### Saved entries
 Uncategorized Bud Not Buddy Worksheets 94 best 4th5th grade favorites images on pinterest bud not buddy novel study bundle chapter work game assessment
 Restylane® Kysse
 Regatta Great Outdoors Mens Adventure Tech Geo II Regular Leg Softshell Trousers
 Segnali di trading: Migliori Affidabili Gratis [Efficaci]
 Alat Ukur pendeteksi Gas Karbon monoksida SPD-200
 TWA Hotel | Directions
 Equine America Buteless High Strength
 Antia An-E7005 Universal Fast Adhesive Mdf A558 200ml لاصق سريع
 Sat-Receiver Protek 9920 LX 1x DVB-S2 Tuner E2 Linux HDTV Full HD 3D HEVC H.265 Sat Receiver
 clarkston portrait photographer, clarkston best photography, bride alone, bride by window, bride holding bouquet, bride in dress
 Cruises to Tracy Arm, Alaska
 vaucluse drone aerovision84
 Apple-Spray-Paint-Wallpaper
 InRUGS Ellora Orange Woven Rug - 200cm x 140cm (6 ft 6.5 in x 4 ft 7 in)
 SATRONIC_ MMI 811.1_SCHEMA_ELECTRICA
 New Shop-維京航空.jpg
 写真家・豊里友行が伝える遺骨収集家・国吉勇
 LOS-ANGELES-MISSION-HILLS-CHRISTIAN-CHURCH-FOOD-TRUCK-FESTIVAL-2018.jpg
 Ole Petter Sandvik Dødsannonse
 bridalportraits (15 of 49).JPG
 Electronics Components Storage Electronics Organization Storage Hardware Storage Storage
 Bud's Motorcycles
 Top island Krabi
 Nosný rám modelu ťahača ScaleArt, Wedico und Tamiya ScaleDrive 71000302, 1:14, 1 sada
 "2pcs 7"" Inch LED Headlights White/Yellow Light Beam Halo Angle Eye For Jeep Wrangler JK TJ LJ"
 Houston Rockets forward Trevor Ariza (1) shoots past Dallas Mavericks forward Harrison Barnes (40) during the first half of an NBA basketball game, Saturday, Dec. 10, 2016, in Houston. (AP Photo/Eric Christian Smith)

### Problem
In your reply, restate every entry exactly.

### Response area
 Uncategorized Bud Not Buddy Worksheets 94 best 4th5th grade favorites images on pinterest bud not buddy novel study bundle chapter work game assessment
 Restylane® Kysse
 Regatta Great Outdoors Mens Adventure Tech Geo II Regular Leg Softshell Trousers
 Segnali di trading: Migliori Affidabili Gratis [Efficaci]
 Alat Ukur pendeteksi Gas Karbon monoksida SPD-200
 TWA Hotel | Directions
 Equine America Buteless High Strength
 Antia An-E7005 Universal Fast Adhesive Mdf A558 200ml لاصق سريع
 Sat-Receiver Protek 9920 LX 1x DVB-S2 Tuner E2 Linux HDTV Full HD 3D HEVC H.265 Sat Receiver
 clarkston portrait photographer, clarkston best photography, bride alone, bride by window, bride holding bouquet, bride in dress
 Cruises to Tracy Arm, Alaska
 vaucluse drone aerovision84
 Apple-Spray-Paint-Wallpaper
 InRUGS Ellora Orange Woven Rug - 200cm x 140cm (6 ft 6.5 in x 4 ft 7 in)
 SATRONIC_ MMI 811.1_SCHEMA_ELECTRICA
 New Shop-維京航空.jpg
 写真家・豊里友行が伝える遺骨収集家・国吉勇
 LOS-ANGELES-MISSION-HILLS-CHRISTIAN-CHURCH-FOOD-TRUCK-FESTIVAL-2018.jpg
 Ole Petter Sandvik Dødsannonse
 bridalportraits (15 of 49).JPG
 Electronics Components Storage Electronics Organization Storage Hardware Storage Storage
 Bud's Motorcycles
 Top island Krabi
 Nosný rám modelu ťahača ScaleArt, Wedico und Tamiya ScaleDrive 71000302, 1:14, 1 sada
 "2pcs 7"" Inch LED Headlights White/Yellow Light Beam Halo Angle Eye For Jeep Wrangler JK TJ LJ"
 Houston Rockets forward Trevor Ariza (1) shoots past Dallas Mavericks forward Harrison Barnes (40) during the first half of an NBA basketball game, Saturday, Dec. 10, 2016, in Houston. (AP Photo/Eric Christian Smith)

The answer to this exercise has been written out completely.